This neural network can detect age, gender of people in videos with more accuracy
Due to various conditions of observations or even slight head rotation, prediction of the same person’s age in different video frames varies in the range of 5 years, plus or minus.
A team of researchers has trained neural networks to identify certain people on video, detecting their age and gender more quickly -- almost 20% more accurately.
The development has already become the basis for offline detection systems in Android mobile apps, said researchers from National Research University's Higher School of Economics.
Modern neural networks detect gender on videos with a 90% accuracy and the situation with age prediction is much more complicated.
Due to various conditions of observations or even slight head rotation, prediction of the same person's age in different video frames varies in the range of 5 years, plus or minus.

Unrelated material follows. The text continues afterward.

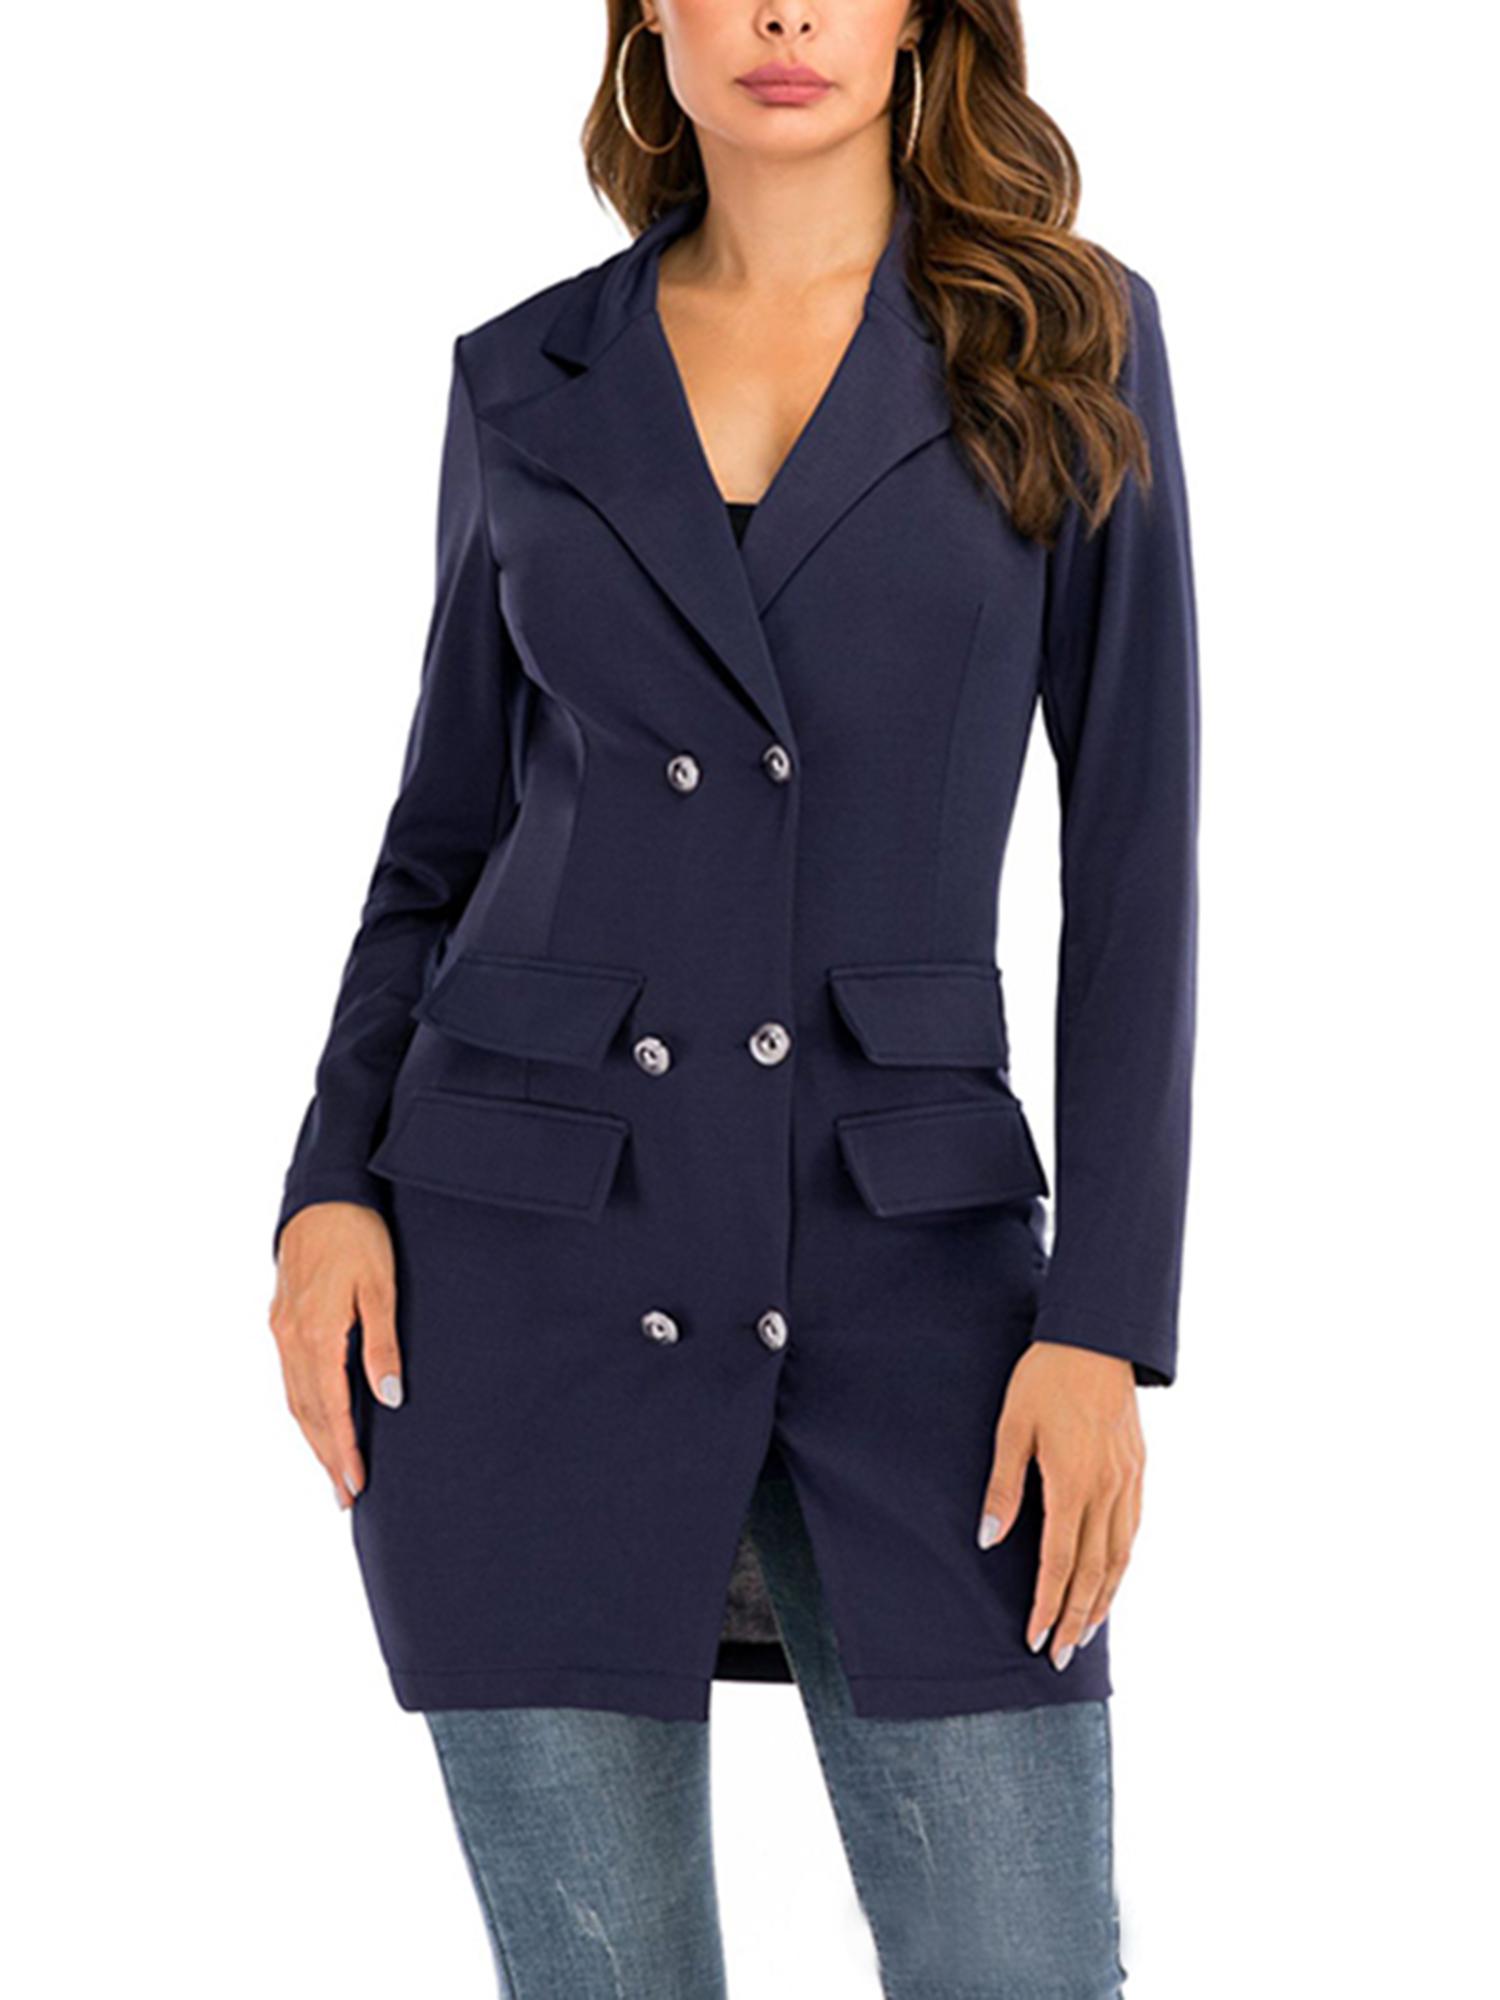 Vintage-Women-Double-Breasted-Plaid-Long-Blazer-Ladies-Jackets-Suits-Coat-Pocket miniatura 35

Experts in computer vision headed by Professor Andrey Savchenko found a way to optimise neural networks' operations.
Experiments on several video datasets proved that their technology allows for implementation of today's most accurate algorithms of gender and age recognition on video as compared to other popular convolutional neural networks, said the study published in an article titled "Video-based age and gender recognition in mobile applications".
The findings may be used by the smartphone manufacturer to create various recommendation systems.
For example, if a user has a considerable amount of content with a toddler, he or she would be offered an advertisement for a children's store.
"If they have a lot of friends in photos taken on certain days, the smartphone will suggest a restaurant for a party. This technology has already attracted interest of the biggest smartphone manufacturer," said the study.
"To avoid wasting time and battery charge, we use our efficient convolutional neural network to analyse the images," said Savchenko, adding that "we also pay a lot of attention to privacy: processing is done only on the user's smartphone in offline mode".